Boalsburg, Pa., Birthplace of
MEMORIAL DAY
Boalsburg is a quaint little village situated in Centre County, Pa., just
off Route 322, in the picturesque foothills of the Alleghenies. It's only a
dot on the map, and you as a casual driver might drive past it without even
being aware that it is nestled there in the rolling valley beneath a
coverlet of oaks and pines and cedars - were it not for a plain little
marker by the side of the road: "Boalsburg. An American Village - Birthplace
of Memorial Day."

What about that boast?

It happened in October, 1864. It was a pleasant Sunday and in the little
community burial ground behind the village the pioneers of colonial times
slept peacefully side by side with the recently fallen heroes of the Civil
War.

It was this day that a pretty, young teen-age girl, Emma Hunter by name, and
her friend, Sophie Keller, chose to gather some garden flowers and to place
them on the grave of her father, Dr. Reuben Hunter, a surgeon in the Union
Army, who died only a short while before. And it was this very same day than
an older woman, a Mrs. Elizabeth Meyer, elected to strew flowers on the
grave of her son Amos, who as a private in the ranks, had fallen on the last
day of battle at Gettysburg.

And so the two with their friend met, kneeling figures at nearby graves, a
young girl honoring her officer father, a young mother paying respects to
her enlisted-man son, each with a basket of flowers which she had picked
with loving hands. And they got to talking. The mother proudly told the girl
what a fine young man her son had been, how he had dropped his farm duties
and enlisted in the Union Army at the outbreak of the war, and how bravely
he had fought.

The daughter respectfully took a few of her flowers as a token and placed
them on the son's grave. The mother in turn laid some of her freshly cut
blooms on the father's grave. These two women had found in their common
grief a common bond as they knelt together in that little burial ground in
Central Pennsylvania where Mount Nittany stands eternal guard over those who
sleep there. Nor did they realize at the same time that their meeting had
any particular significance - outside of their own personal lives; it was
just that they seemed to lighten their burdens by sharing them. But as it
happened these two women were participating in their first Memorial Day
Service.

For the story goes that before the two women left each other that Sunday in
October, 1864, they had agreed to meet again on the same day the following
year in order to honor not only their own two loved ones, but others who now
might have no one left to kneel at their lonely graves. During the weeks and
months that followed the two women discussed their little plan with friends
and neighbors and all heard it with enthusiasm. The report was that on July
4, 1865 - the appointed day - what had been planned as a little informal
meeting of two women turned into a community service. All Boalsburg was
gathered there, a clergymen - Dr. George Hall - preached a sermon, and every
grave in the little cemetery was decorated with flowers and flags; not a
single one was neglected.

It must have been an impressive ceremony that took place that day in this
peaceful mountain-rimmed valley where not so long before the red men had
held their councils. It must have been such a scene as this that inspired
Longfellow to write:

Your silent tents of green
We deck with flagrant flowers:
Yours has the suffering been,
The memory shall be hours.
It seemed such a fitting and proper way of remembering those who had passed
on that the custom became an annual event in Boalsburg, and one by one the
neighboring communities adopted a similar plan of observing "Decoration Day"
each spring. On May 5, 1868, just four years after that first meeting in the
little burial ground, Gen. John A. Logan, then commander-in-chief of the
Grand Army of the Republic, isued an order, naming May 30, 1868, as a day
"for the purpose of strewing with flowers or otherwise decorating the graves
of comrades who died in defense of their country." He signed the order "with
the hope that it will be kept up from year to year." And so it has.

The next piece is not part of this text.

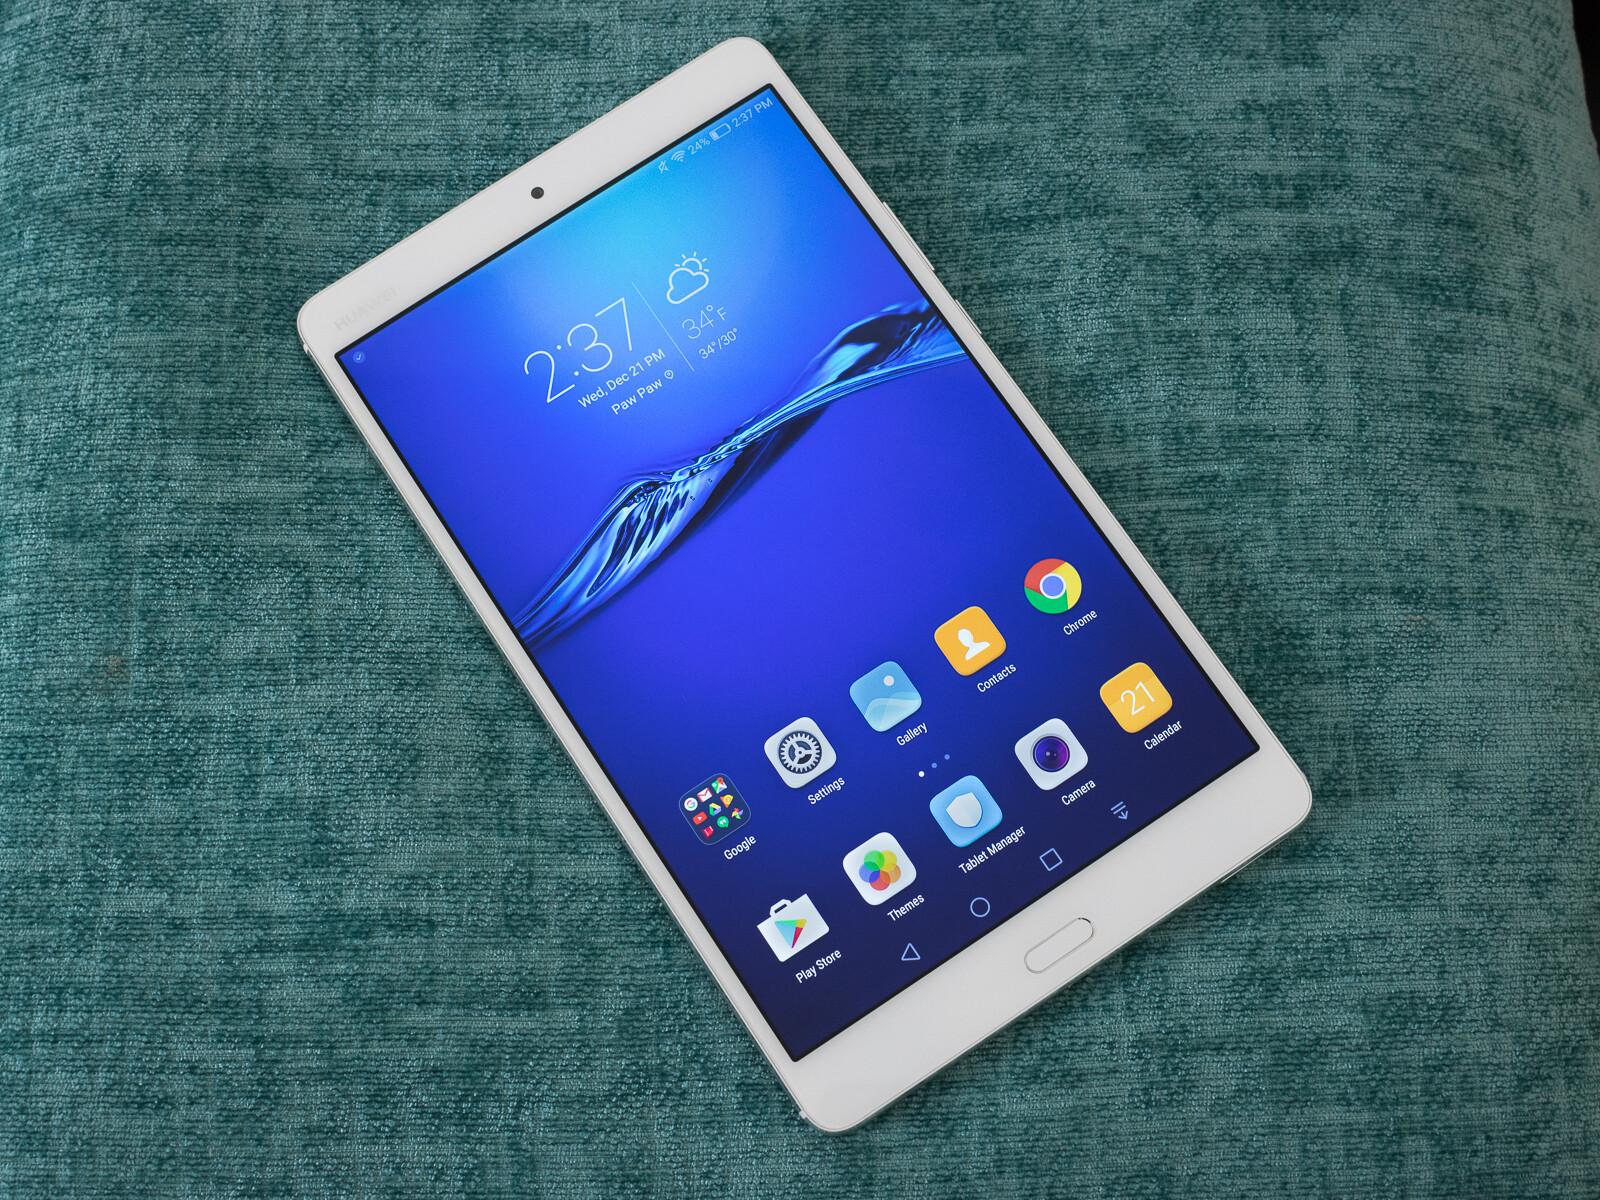 huawei tablet m3. huawei tablet m3

Ceremonies at first were held to honor only those who had served the Union
cause in the Civil War, later the program was broadened to embrace the men
who faught in gray as well as in blue, finally to include all heroes who
have made the supreme sacrifice in all American conflicts from the
Revolutionary War to World War II. Which, of course, is as it should be if
Holmes' immortal words are not to become an empty, meaningless phrase-- "One
flag, one land, one heart, one hand, one nation evermore."

As a matter of fact, Memorial Day - and it should be noted that in 1882 the
GAR urged that "proper designation of May 30 in Memorial Day" - not
Decoration Day - is now observed by most people as a day when we pay respect
to all who have died, in war or in peace, as soldiers or as civilians. To a
very large extent Memorial Day has lost its pure military significance and
in a broader sense has become the one day in the year when all of us pause
in respectful tribute to those who have walked these paths before.

Of course, some people will tell you that this custom of honoring the dead
originated in the South. And in a way this is true. Many southern women did
strew flowers on the graves of their fallen heroes - no doubt many northern
women did too - and several of the Southern states still observe their own
dates.

But all this does not necessarily conflict with the story told by the people
in Boalsburg, and does not weaken the claim which they so proudly make. This
writer now has no way of verifying the facts; I cannot state with certainty
that there was any connection between the order issued by General Logan in
1868 and the events in the Boalsburg cemetery that day in 1864; I know only
what the people tell me. But somehow I like to believe - and I do believe -
that Memorial Day, as we know it and observe it generally today, was born in
that tiny Pennsylvania graveyard on the outskirts of "An American Village,"
when a proud mother and a grieving daughter met to scatter flowers over the
final resting places of a brave son and a gallant father.

The above is an excerpt of an article which was written by Herbert G. Moore
for the National Republic Magazine in May 1948 and which then Congressman
James Van Zandt, representing his Centre County constituents, had reprinted
in the Congressional Record of May 19, 1948.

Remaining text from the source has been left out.